Records contained in a dataset

************

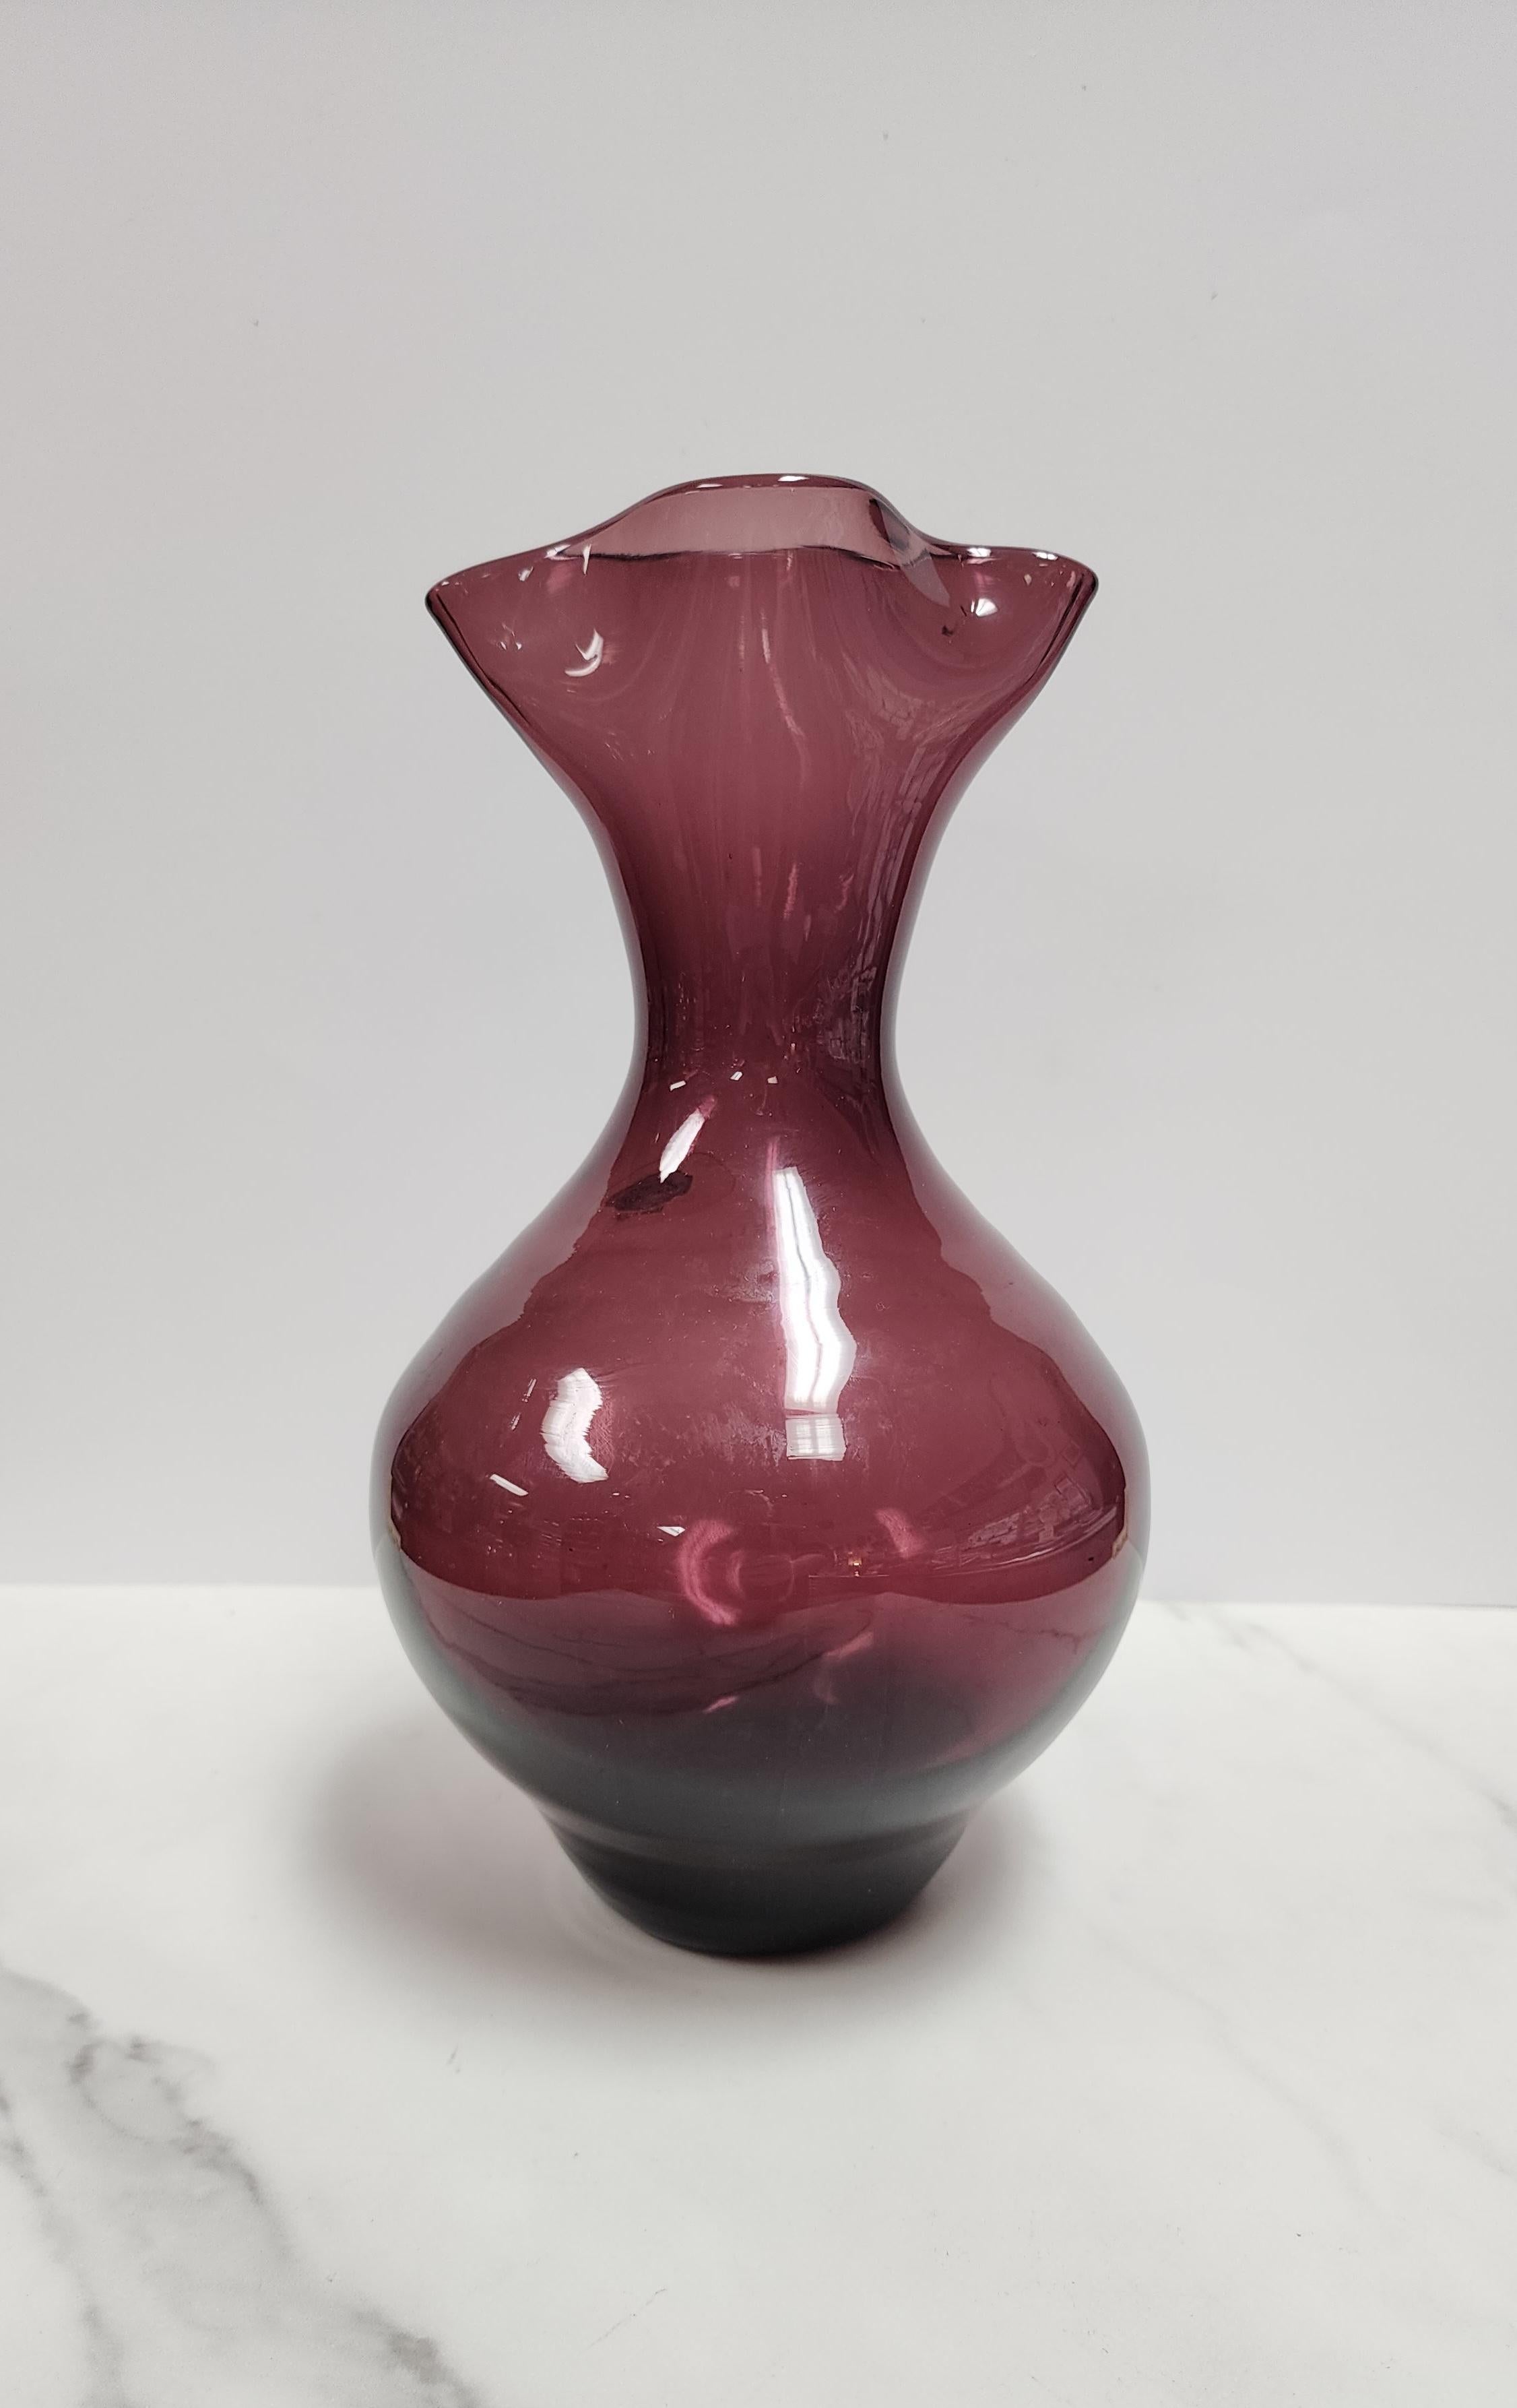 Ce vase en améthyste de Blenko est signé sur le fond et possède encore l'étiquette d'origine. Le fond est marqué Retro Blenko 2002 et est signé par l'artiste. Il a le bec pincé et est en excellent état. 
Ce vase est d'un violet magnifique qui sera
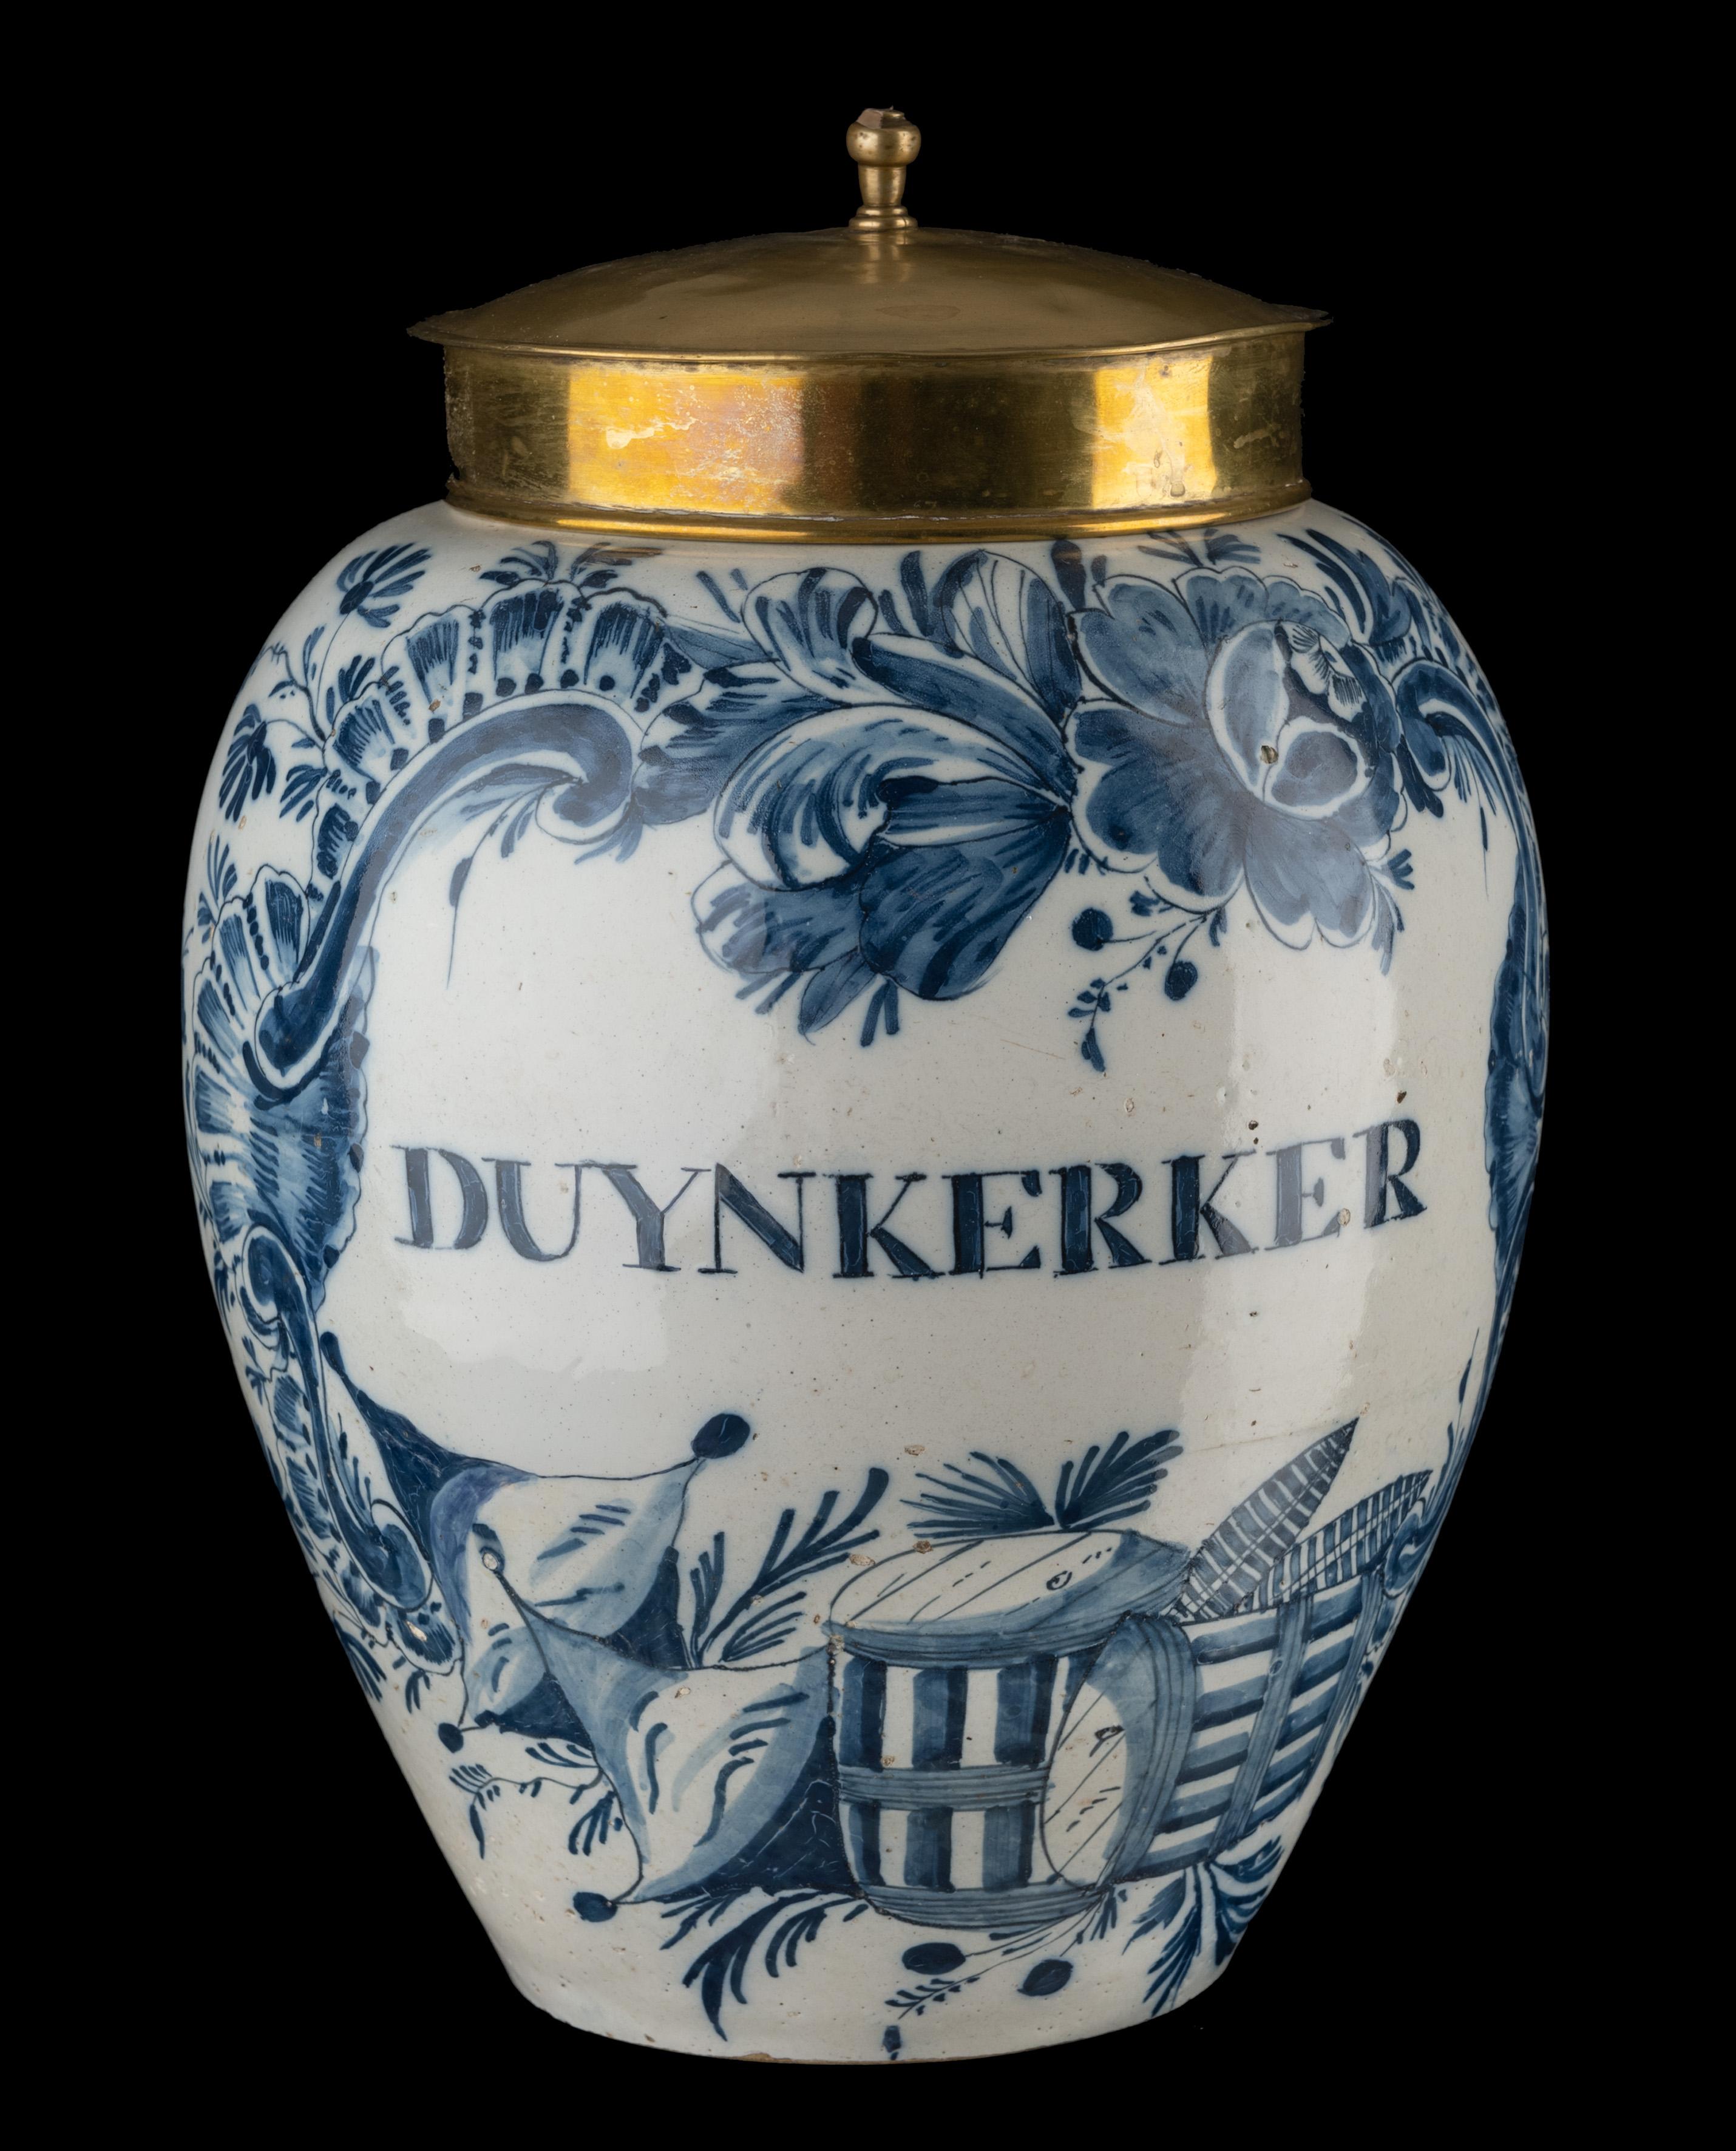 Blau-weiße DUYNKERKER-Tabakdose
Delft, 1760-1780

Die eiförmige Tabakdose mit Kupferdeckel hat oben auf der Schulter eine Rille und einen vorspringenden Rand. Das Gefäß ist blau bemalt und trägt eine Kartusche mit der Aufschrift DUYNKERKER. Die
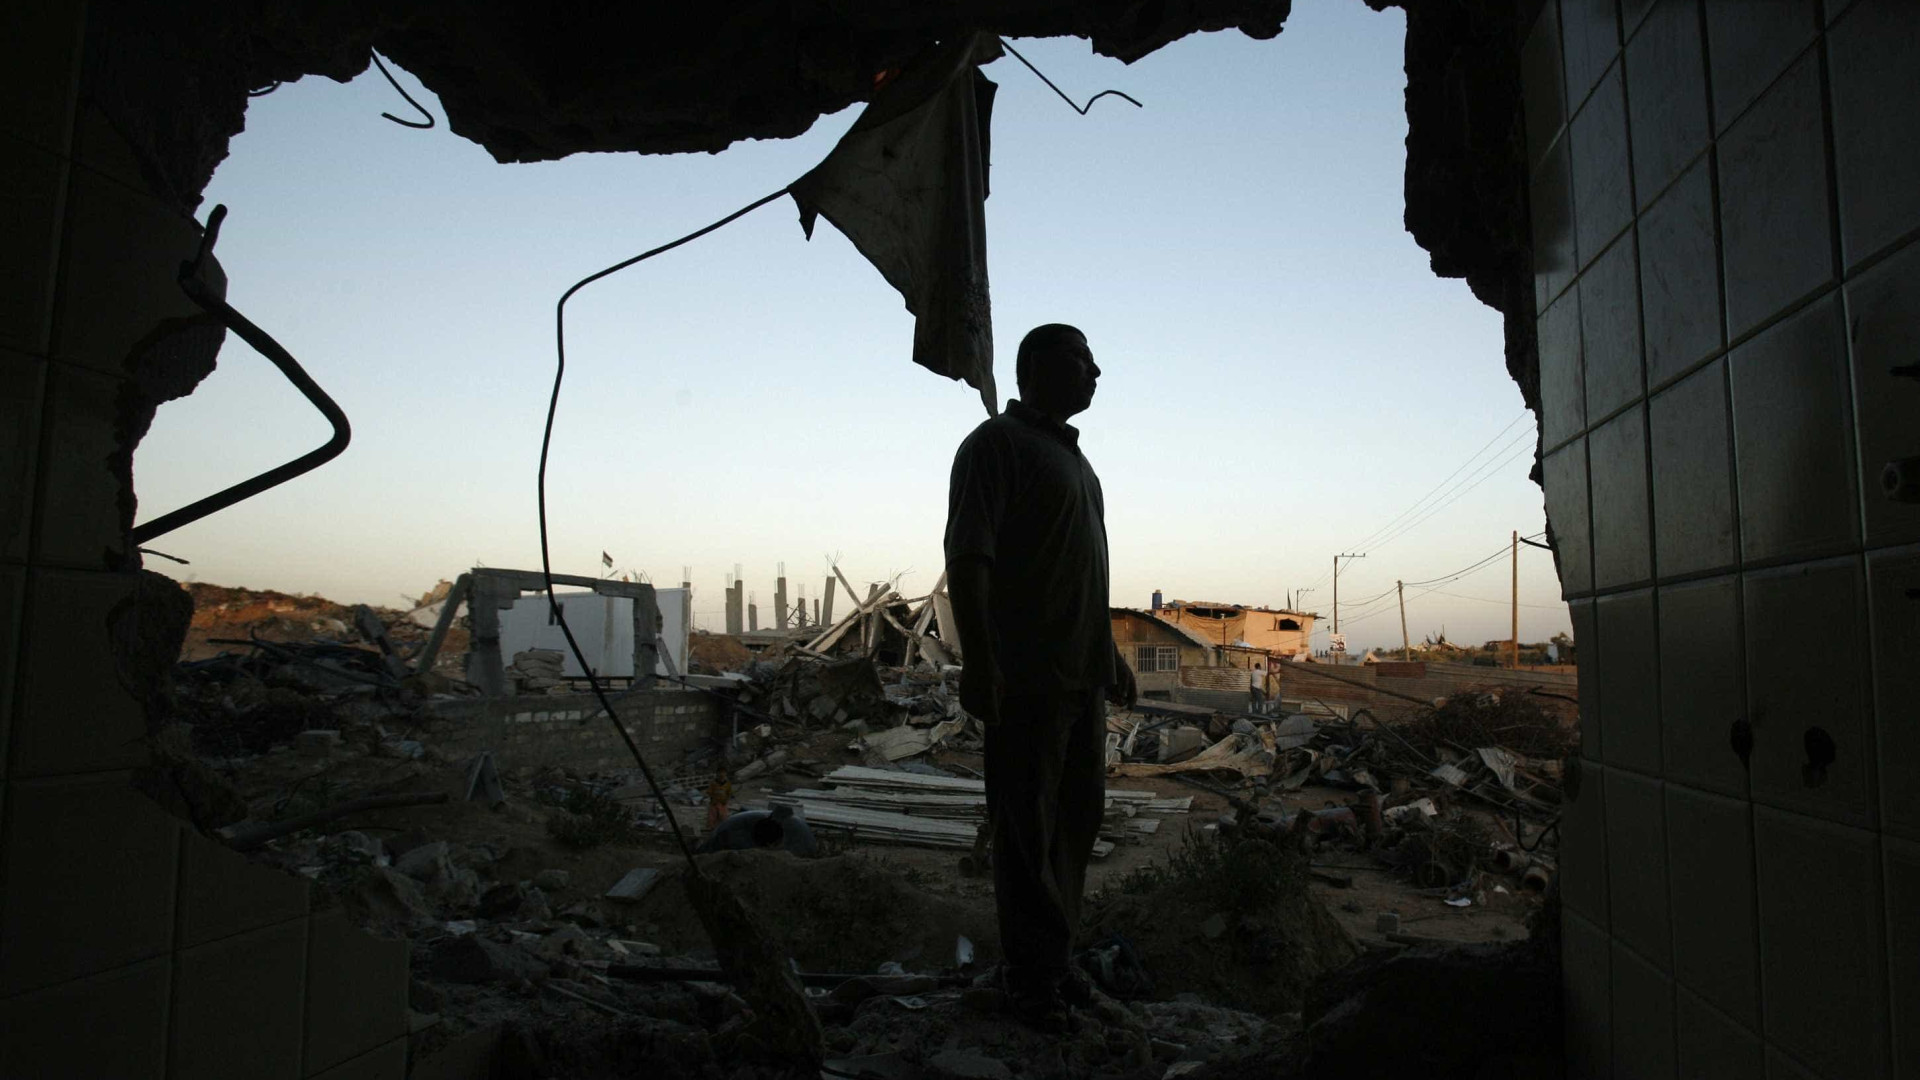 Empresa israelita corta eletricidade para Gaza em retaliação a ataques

************

Output a verbatim copy of the lines from the line containing "Delft, 1760-1780" through the end of the data, both included, without any images.

Answer section:
Delft, 1760-1780

Die eiförmige Tabakdose mit Kupferdeckel hat oben auf der Schulter eine Rille und einen vorspringenden Rand. Das Gefäß ist blau bemalt und trägt eine Kartusche mit der Aufschrift DUYNKERKER. Die
 Empresa israelita corta eletricidade para Gaza em retaliação a ataques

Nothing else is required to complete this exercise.